Monday, November 23, 2009

Catching the ball....run Forrest run.

The last few weeks were difficult for our unit. We lost three patients close together. Two of the three patients were patients my preceptor and I had the weeks before. Nursing puts us all in that delicate position of helping people at their most vulnerable hours of sickness and death. One of the unique aspects of what we all do, is that when we go to work, we never know what the day will bring.
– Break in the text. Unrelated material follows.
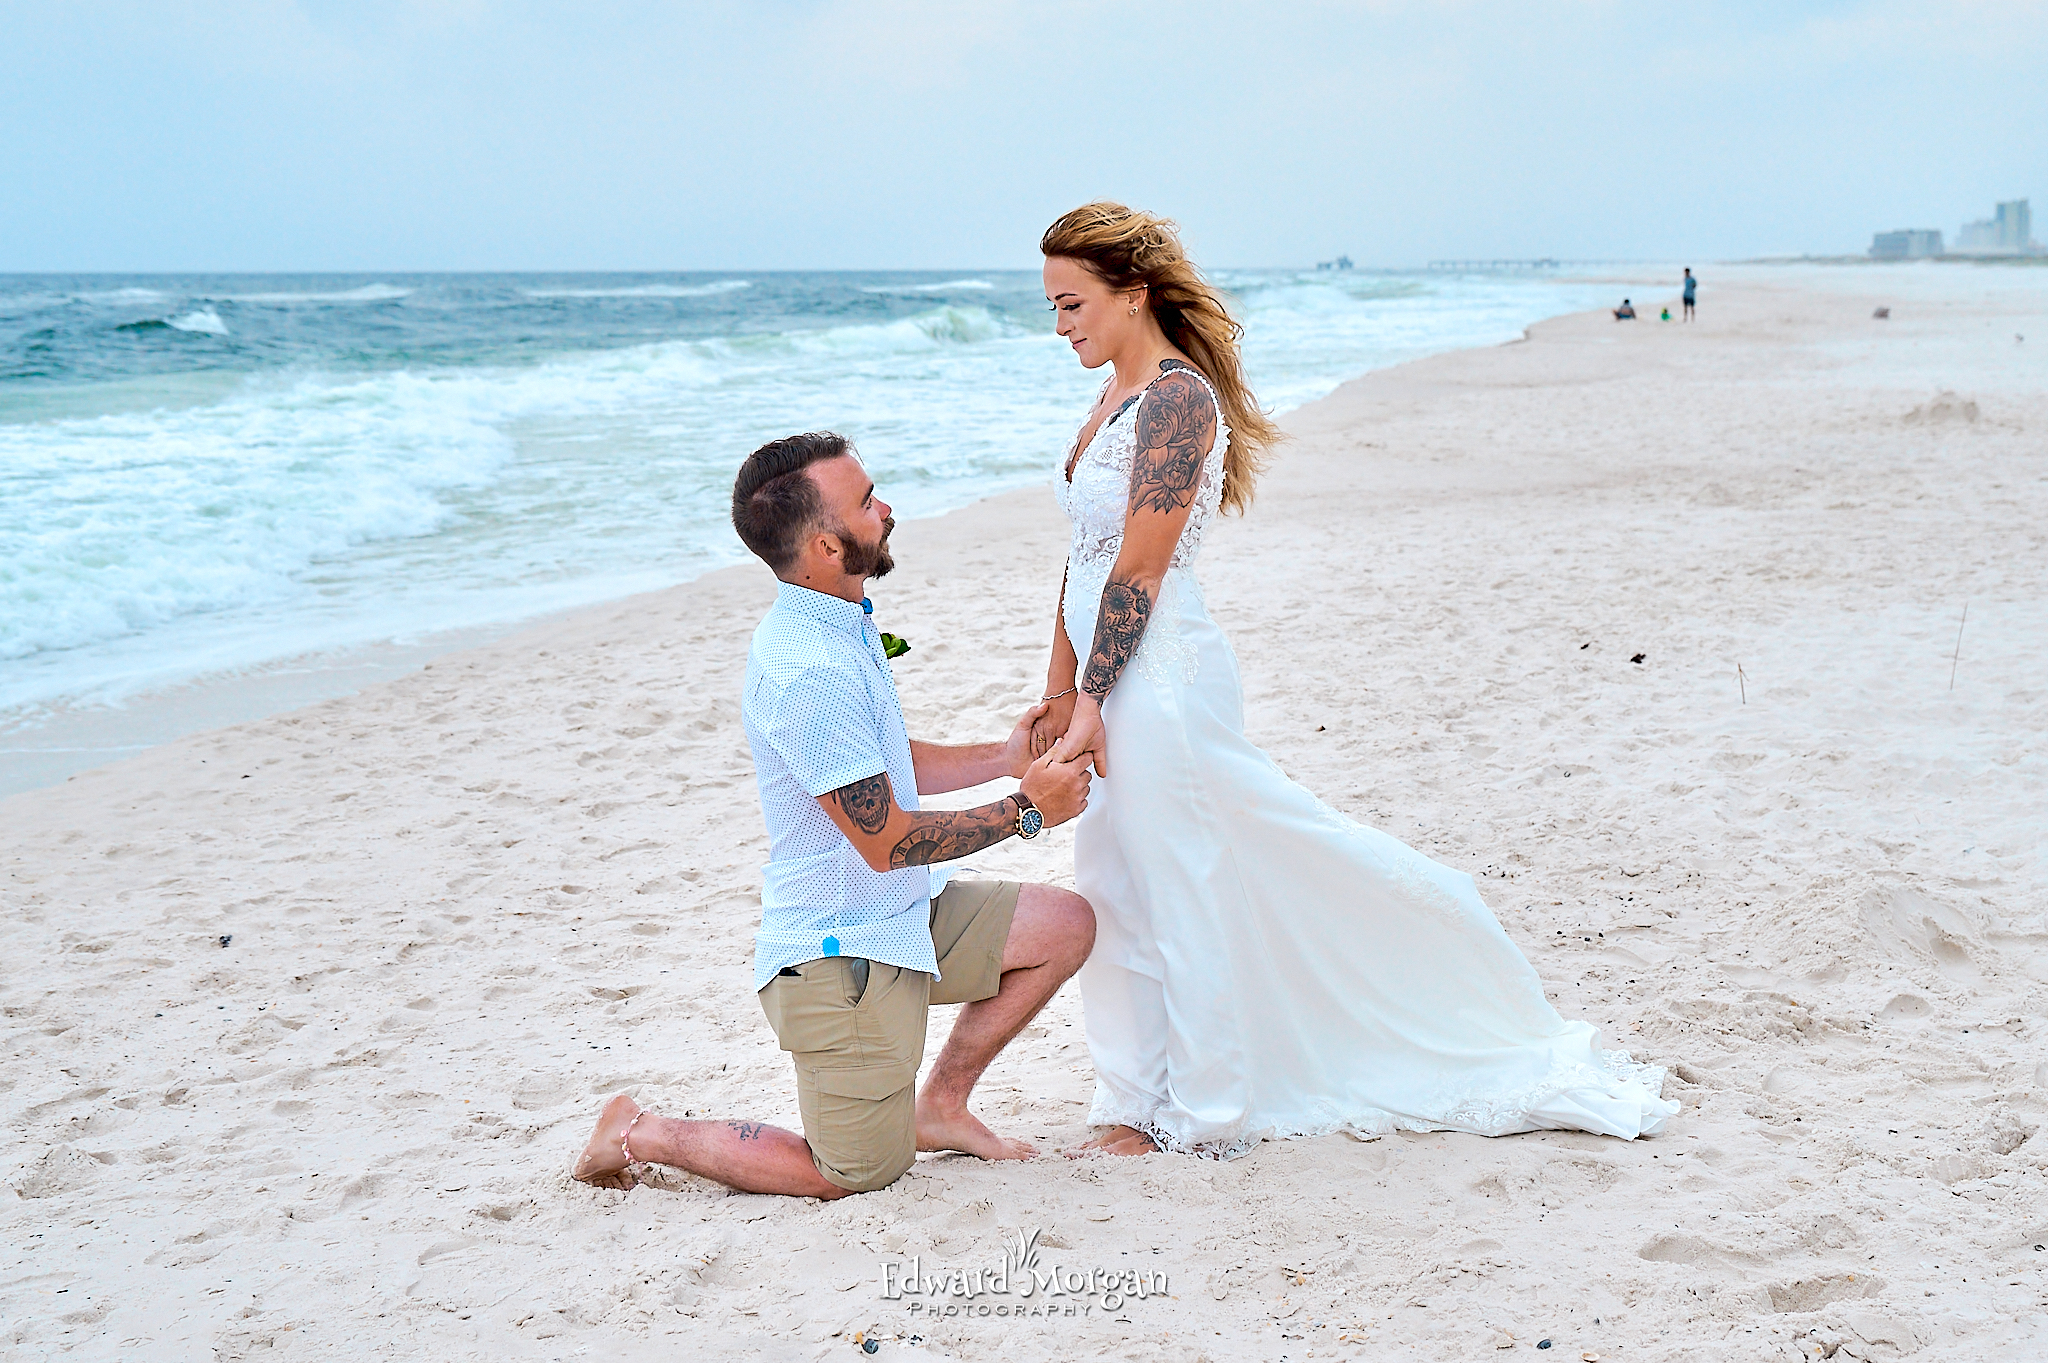 Wedding minister beach photos

This week, however, my preceptor allowed me to take the ball and run with the patients I wanted. I always try to challenge myself to pick patients who are the "sickest"...however, in oncology, everyone is usually pretty sick, so the two I picked this week were a great opportunity to exercise old skills learned in med-surg. Taking and giving report, assuming total care, planning, assessments, interventions and evaluations. How would I plan and approach the day? Since I had good role modeling from my preceptor, I decided to use "her" method and hit the ground running the way she does. We round on our patients in the AM, pull labs and meds and bring everything at once to do assessments. This allows for the unexpected admission in the morning, the surprise fall backs and any other delays that frustrate any nurses' best laid plans. It also allows us plenty of time in the room, avoiding the back and forth. So, while one med is running over 10 mins, I can assess other things, do a little teaching and reassess before the next one is given.

The oppty to reconstitute and administer meds, try things with patients with my PRNs to see if they would help. These are all the things I love about nursing and of course, patient teaching. I know I probably won't always be this optimistic, but I like to see nurses who still love what they do 20 years later. It is the kind of nurse I hope to be.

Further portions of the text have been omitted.